GOAL OF THE EXERCISE:
Starting with the line below that holds "(Schleswig-Holstein) und dem" and stopping after the line that holds "矢量花朵图片 矢量月季 手绘月季", transcribe the lines exactly, leaving out all pictures.

EXERCISE MATERIALS:
= Beginning of Section =

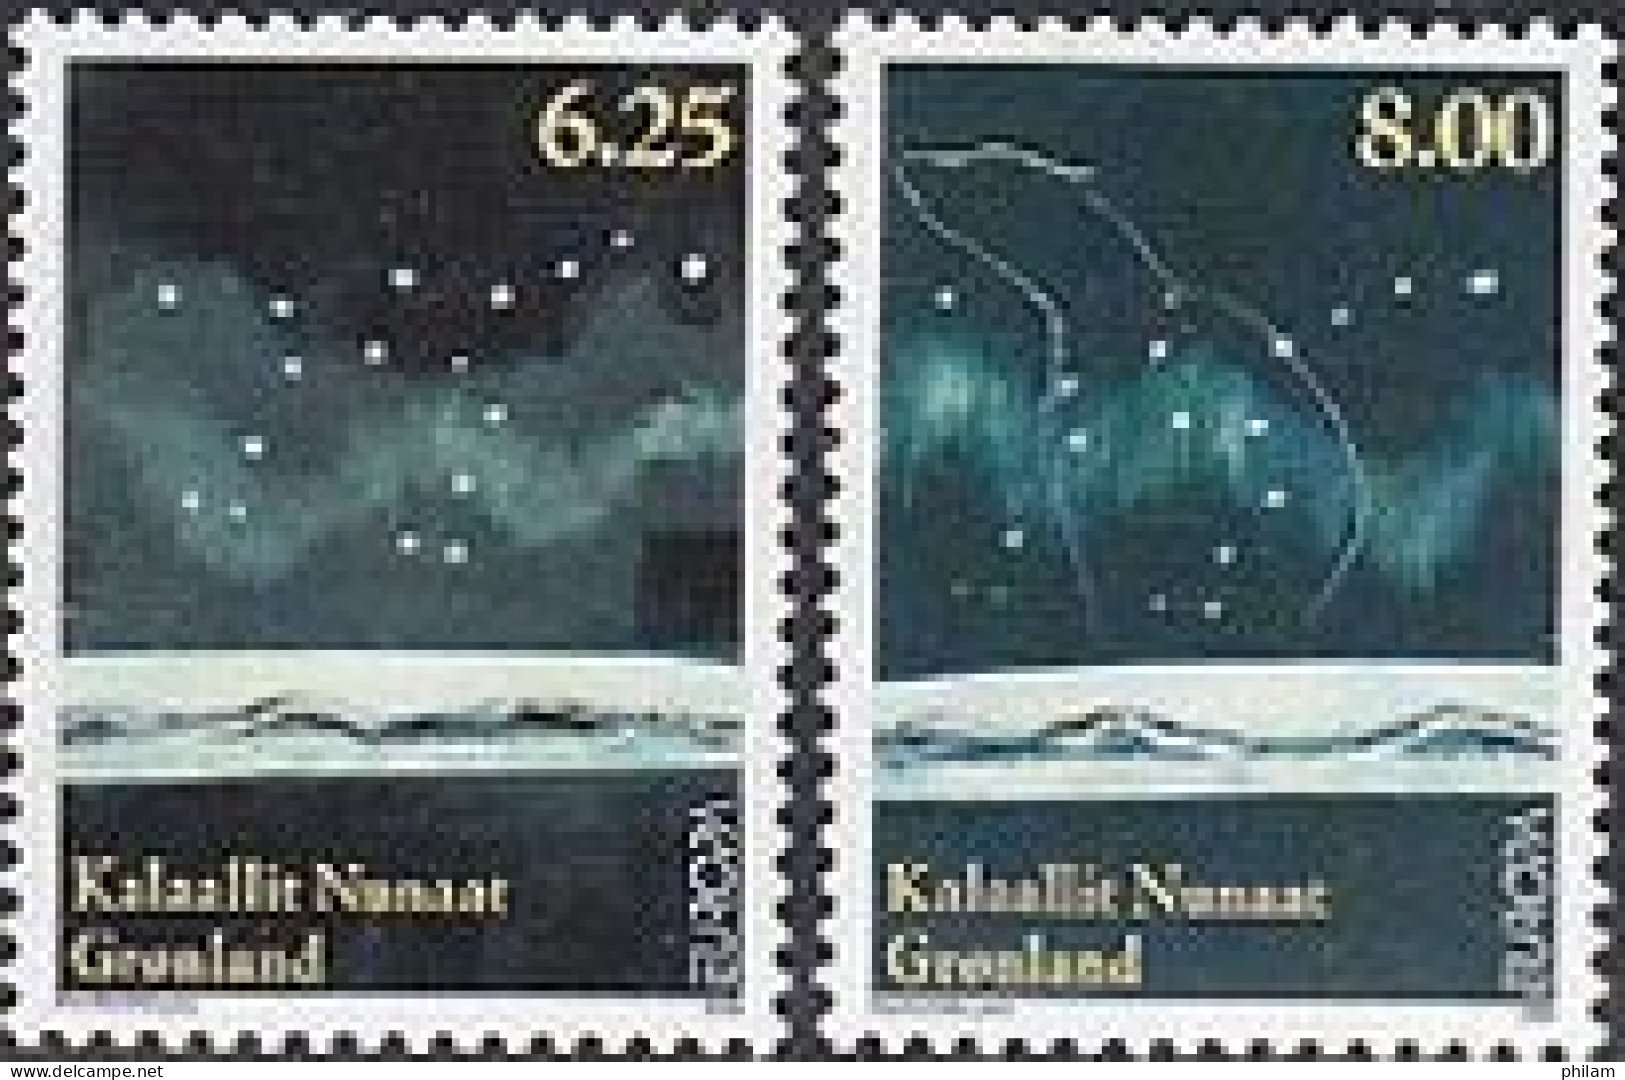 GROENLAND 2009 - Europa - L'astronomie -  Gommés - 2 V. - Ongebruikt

= End of Section =
= Beginning of Section =

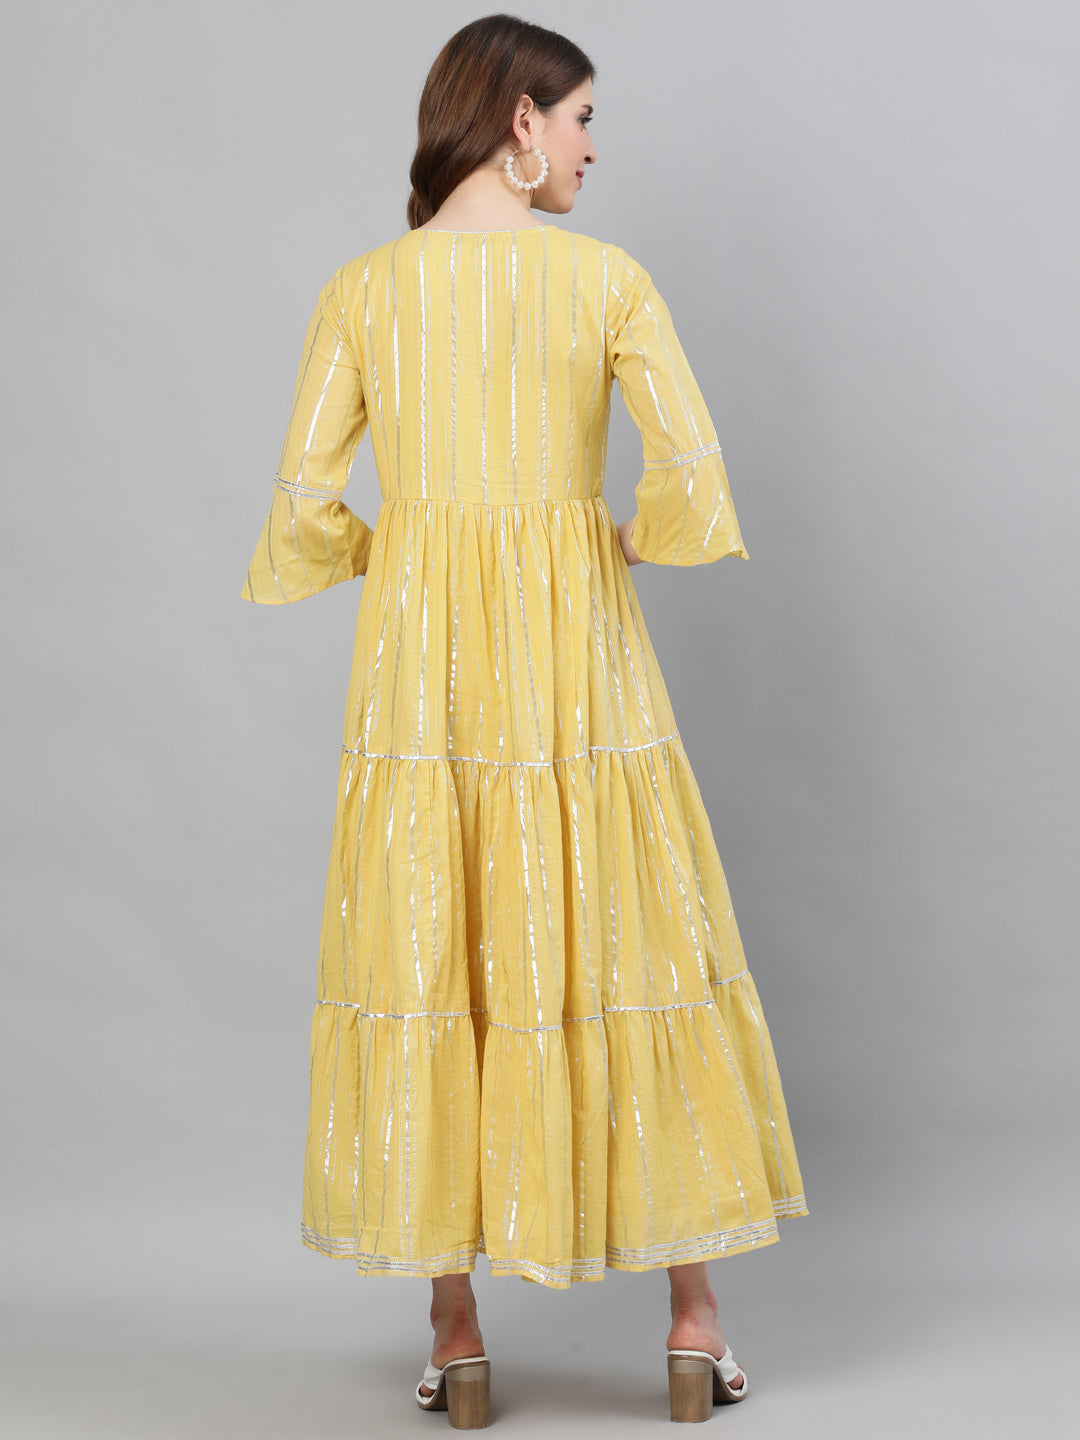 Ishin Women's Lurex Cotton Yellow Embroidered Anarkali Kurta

= End of Section =
= Beginning of Section =

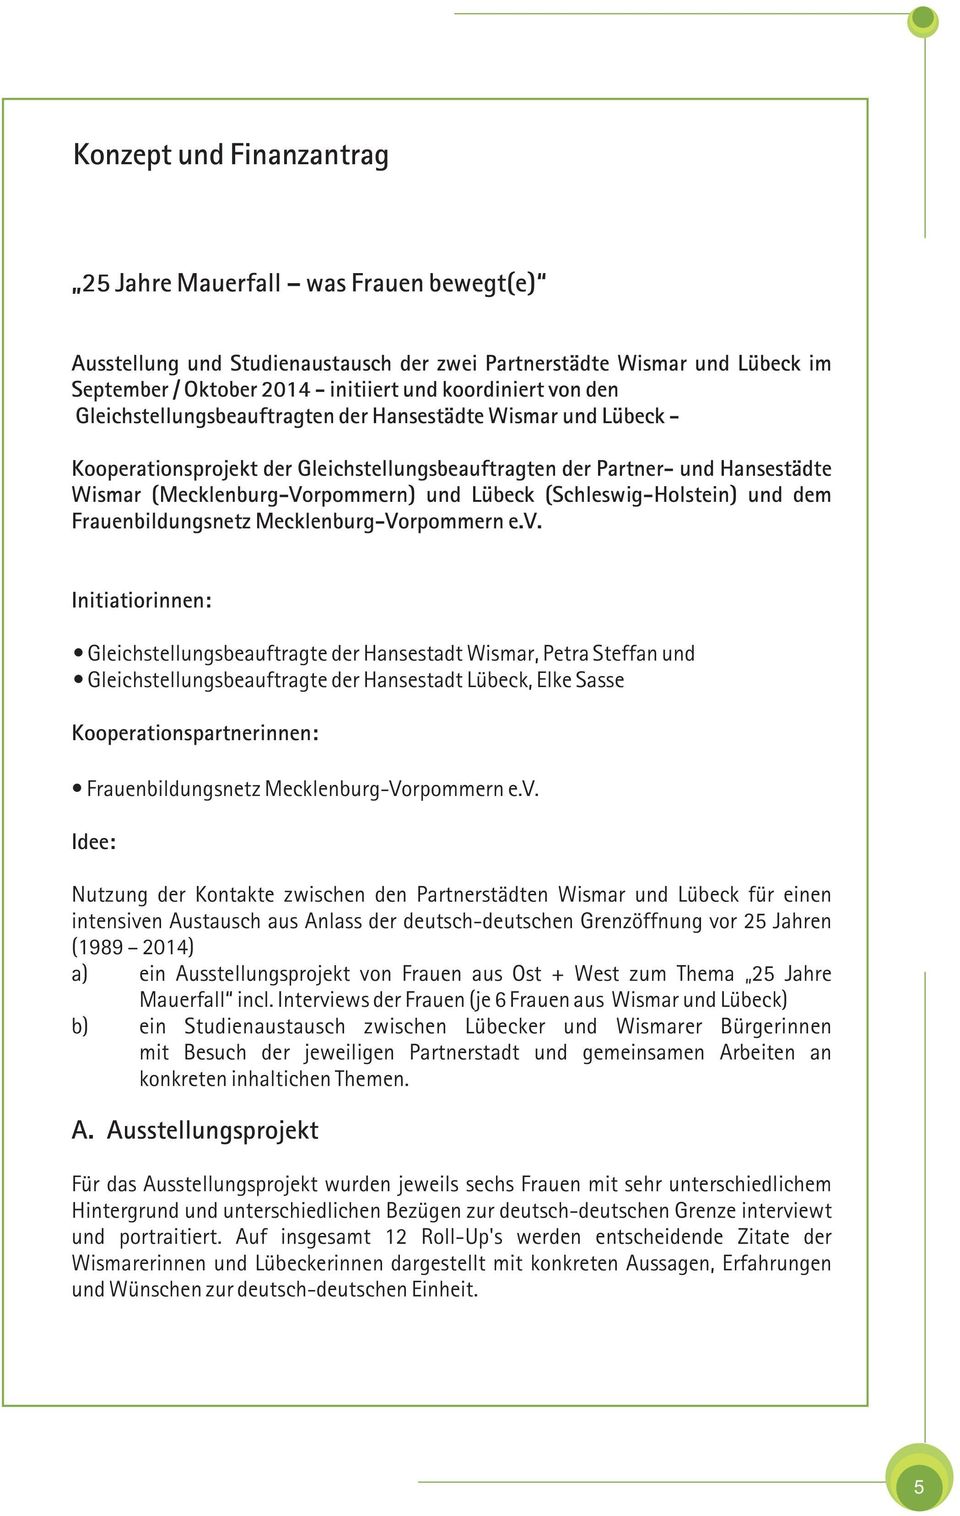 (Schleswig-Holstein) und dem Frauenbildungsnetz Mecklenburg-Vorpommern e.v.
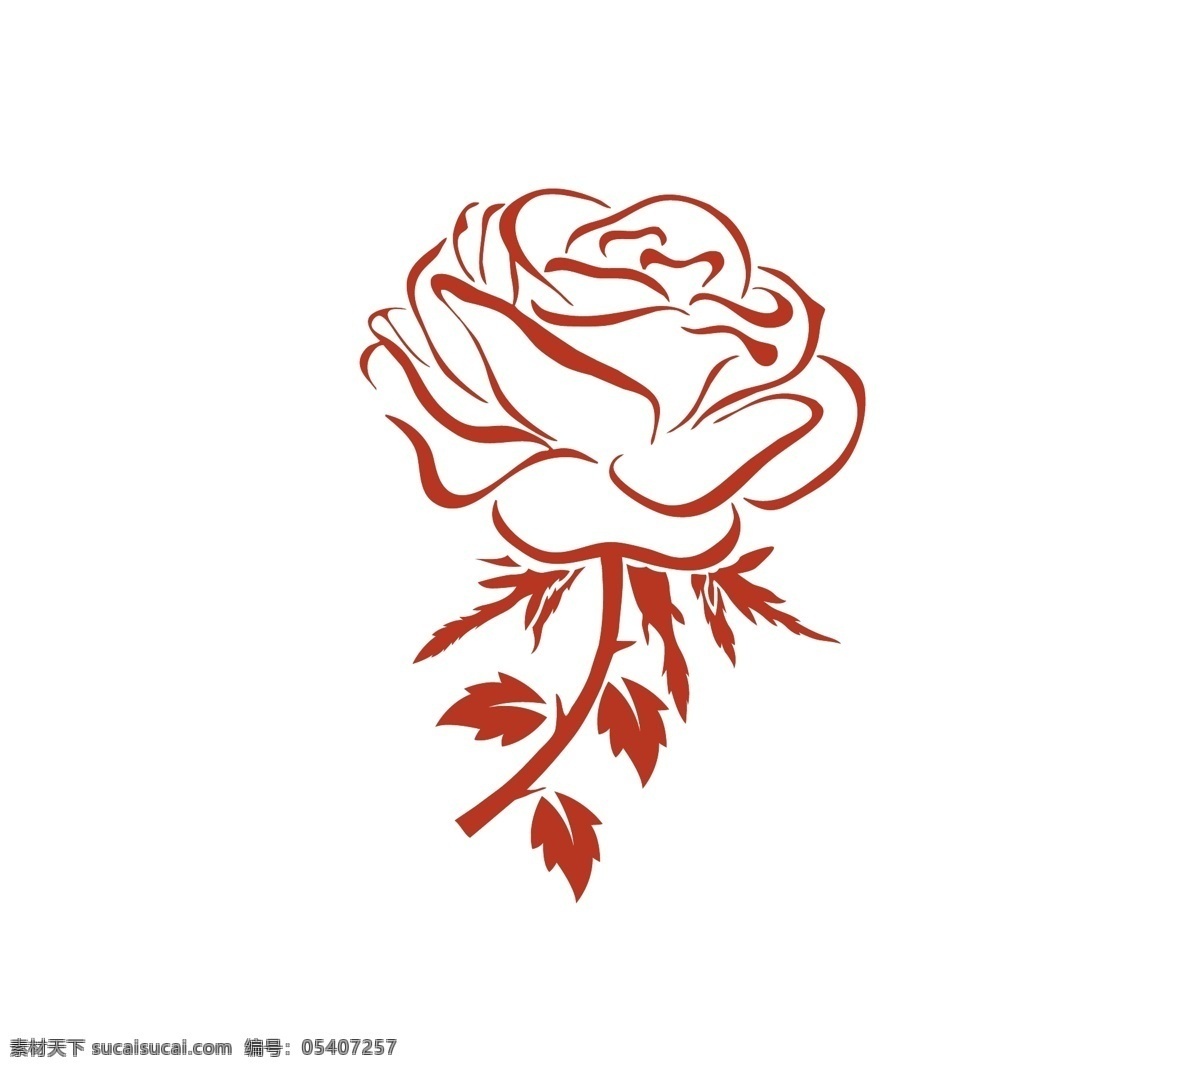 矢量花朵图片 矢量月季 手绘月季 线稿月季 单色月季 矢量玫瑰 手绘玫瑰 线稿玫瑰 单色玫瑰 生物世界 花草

= End of Section =

EXERCISE ANSWER:
 (Schleswig-Holstein) und dem Frauenbildungsnetz Mecklenburg-Vorpommern e.v.
 矢量花朵图片 矢量月季 手绘月季 线稿月季 单色月季 矢量玫瑰 手绘玫瑰 线稿玫瑰 单色玫瑰 生物世界 花草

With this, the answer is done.